The photographs which illustrate the book underline this idea. They have been taken especially by my friend and guiding colleague Alan Tucker and anchor many of these stories from the past firmly in today’s Tower Hamlets. The visible heritage of the East End and its story of continuity are important to me personally. I was born in Bethnal Green in 1964 and am still here, and my feeling for London’s ongoing story is embodied in my collection of short stories Death and the City, which takes the inspiration for its twelve stories from London lore and history that I have learned growing up here.


Old Gravel Lane Bridge
Now Wapping Lane


Although I am a City of London guide and a member of the London-wide guiding cooperative Footprints of London, I am also a member of the Tower Hamlets Walkshop, a guiding workshop group which has been developing on the back of an adult education course I teach locally. We are seeking to develop a coordinated guiding structure for the East End, and this book is a part of the overall initiative to maintain an awareness of the area’s continuity.

So much of our heritage – locally and nationally – is still under threat. In many ways it seems that the lessons of the 1960s and 1970s have not been learned, so the more we can appreciate the closeness and relevance of our past to our present, the less inclined we will be to let it go, and the readier we will be to embrace our part in this ongoing narrative. I hope this book will contribute in some way to encouraging this engagement.


You can find more about David by clicking here

Follow on Twitter @charnowalks

Find his books on Wordery.com



Huge thanks to David for being our guest on the blog today and for sharing his love of 

The Dark Side of East London so eloquently.



My Thoughts about The Dark Side of East London..




Living, as I do, in the North of England, I'm not hugely familiar with London and even less so with the east of the city, so it's been remarkably refreshing to read The Dark Side of East London and to learn things about the east end which I never knew existed. True, I'd heard the old Victorian myths and legends which sort of define the area, the most notorious being Jack the Ripper's association with its mean and murky streets, but what I didn't realise was that, in the eighteenth and nineteenth century, this area was blamed for so much social injustice, and thus was, ultimately accountable for pioneering social change within its boundaries.

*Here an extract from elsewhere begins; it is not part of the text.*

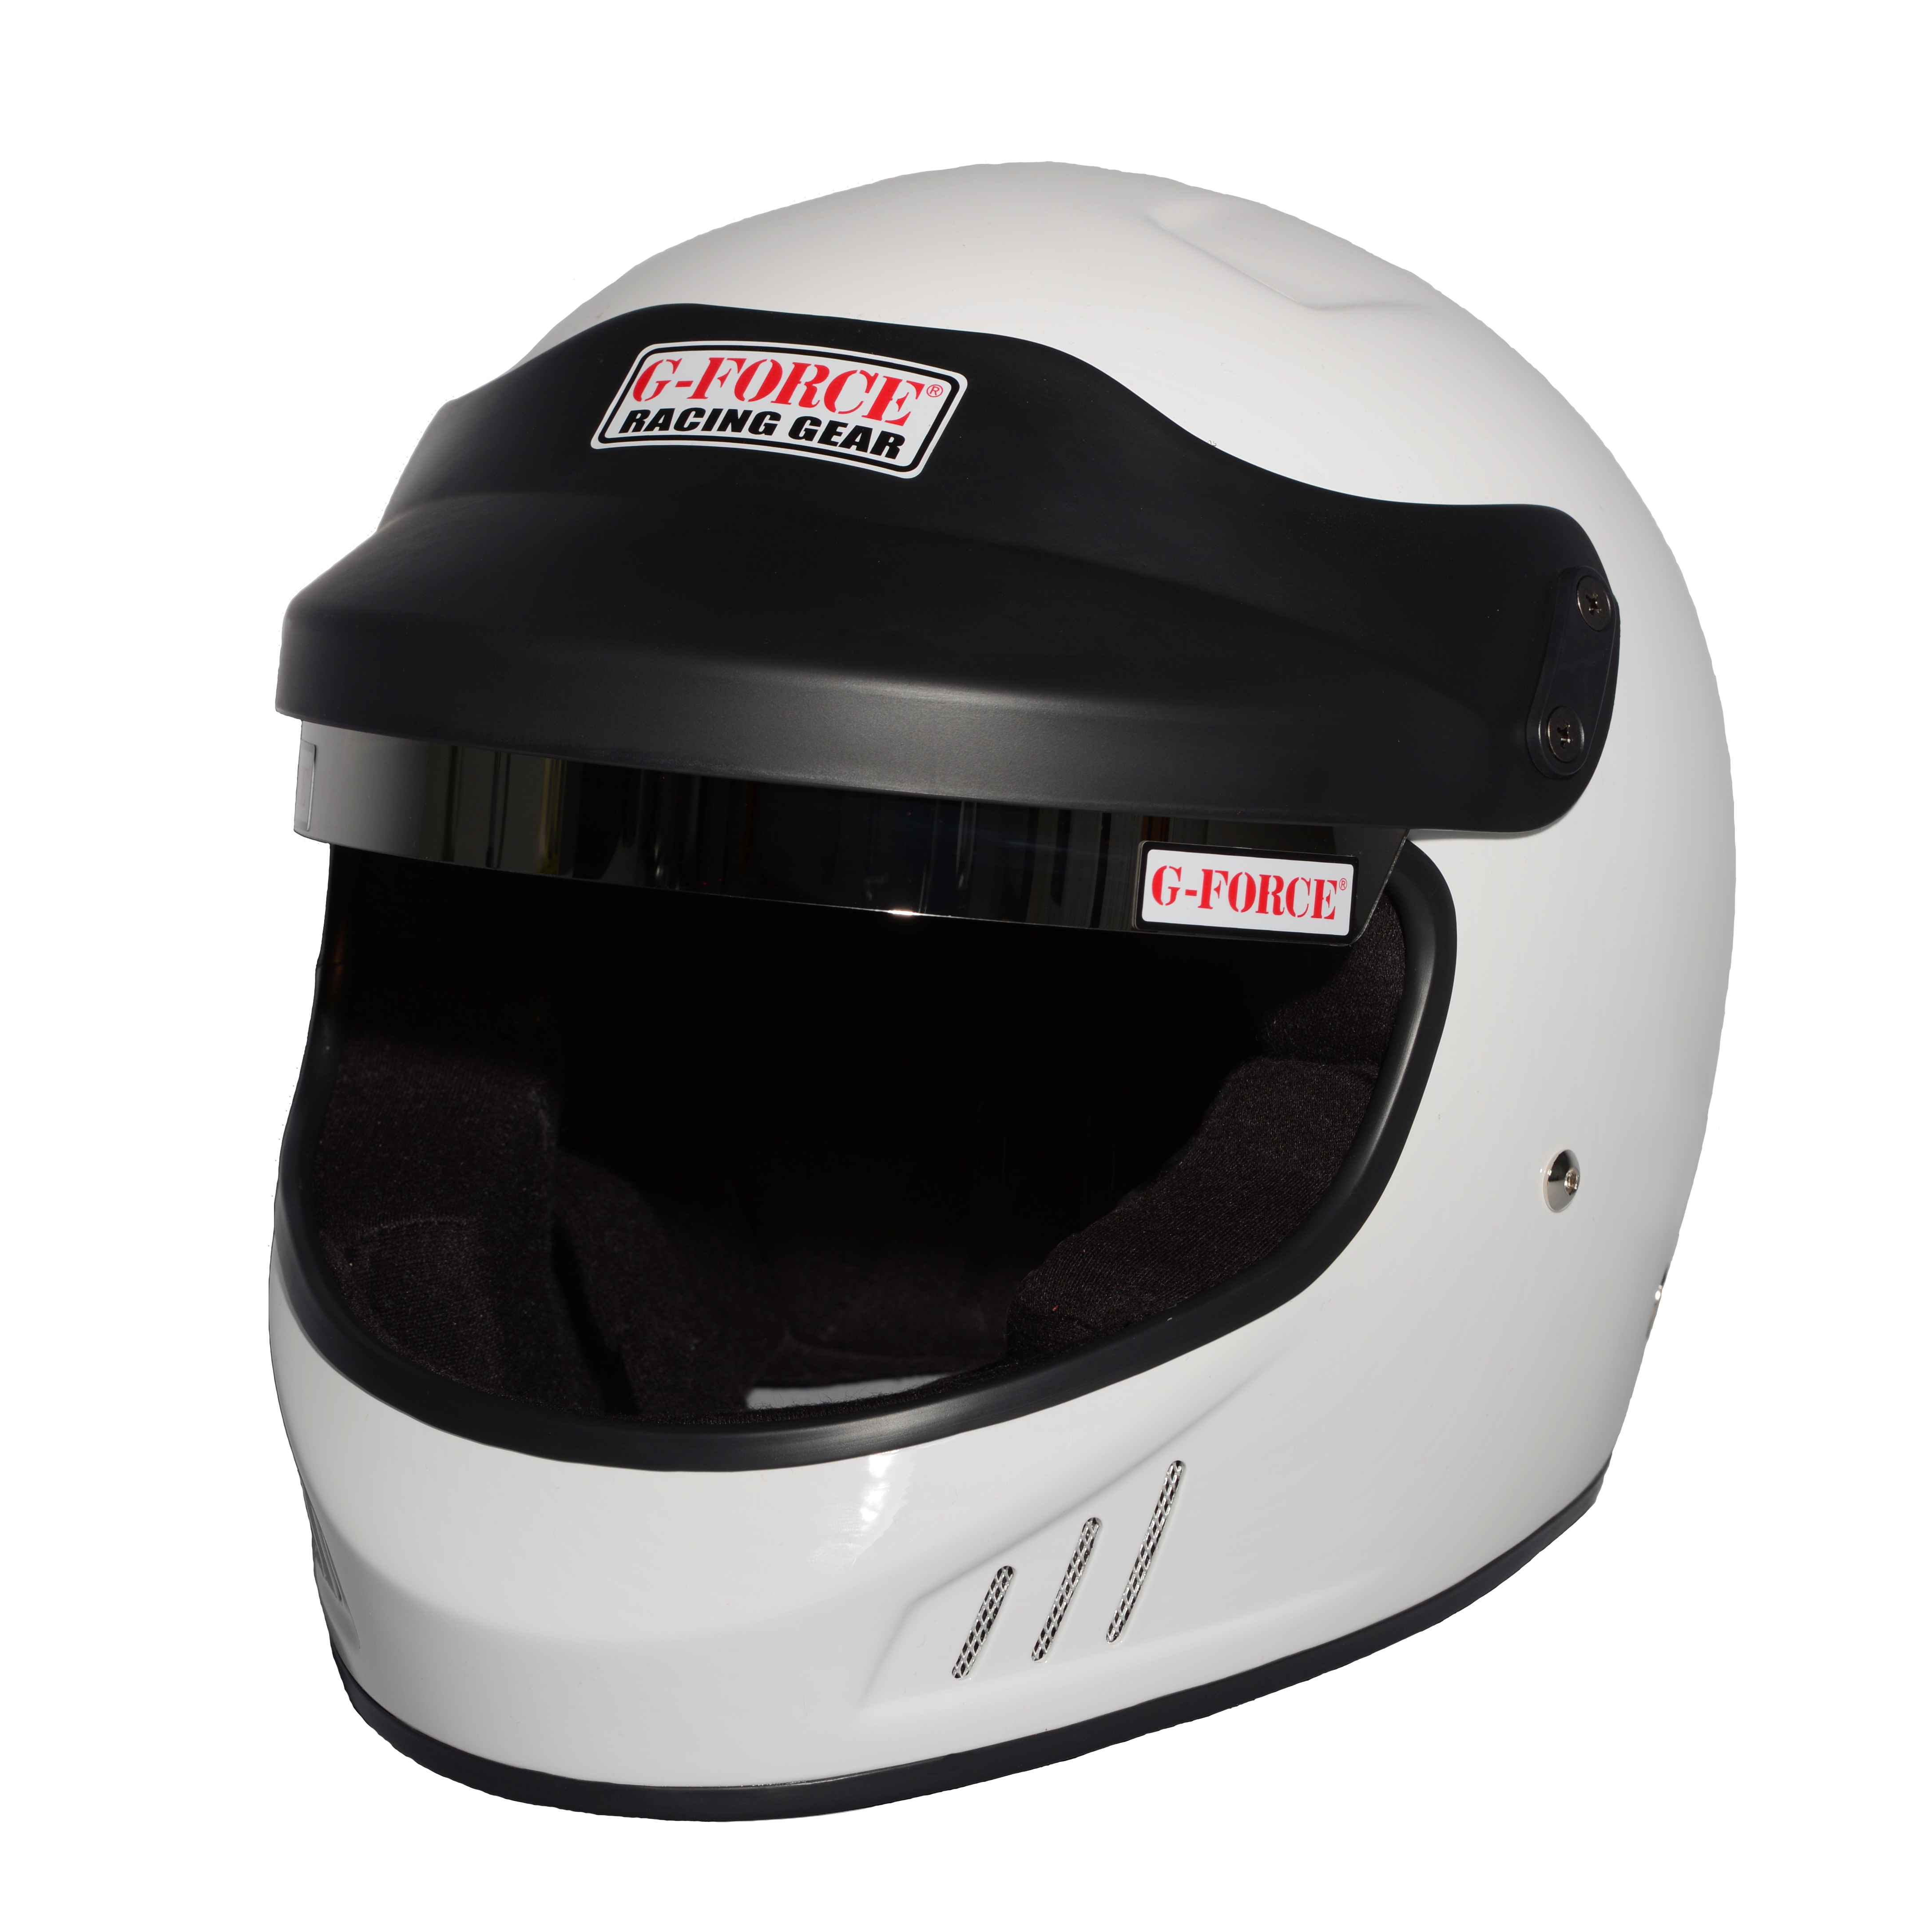 G-Force Racing Gear Helmet, MODIFIED SA2010 FULL FACE LARGE WHITE

The book is divided into nine absorbing chapters which highlight the darker days of crime and punishment, and as detail emerges, what becomes apparent is that this area of London was nearly always at the sharp end of the action. I think my favourite chapter has to be “Poison for the Asking”, as in the days before the 1868 Pharmacy Act it was all too easy for people to get their hands on noxious substances which they used, either in ignorance, or malice, with devastating and often, catastrophic effect.

The author writes with knowledgeable insight into this area, it is, after all, a place he knows like the back of his hand. However, what’s so important is that his zeal and passion comes across in the stories he shares and in the amount of meticulous research which has gone into bringing the book to life. There is much to take in, and because of that, this is not a book to whiz through at high speed, rather it is more to be savoured slowly, allowing the facts to unfold in fascinating detail. The book also shares some specially commissioned photographs which help to put old and new into context and which show those areas which have been highlighted in the stories.

Those who are acquainted with this area will no doubt be familiar with some of its dark and convoluted history. I think that the author has done a commendable job of highlighting, perhaps, some of the more forgotten, but no less remarkable, history of The Dark Side of East London.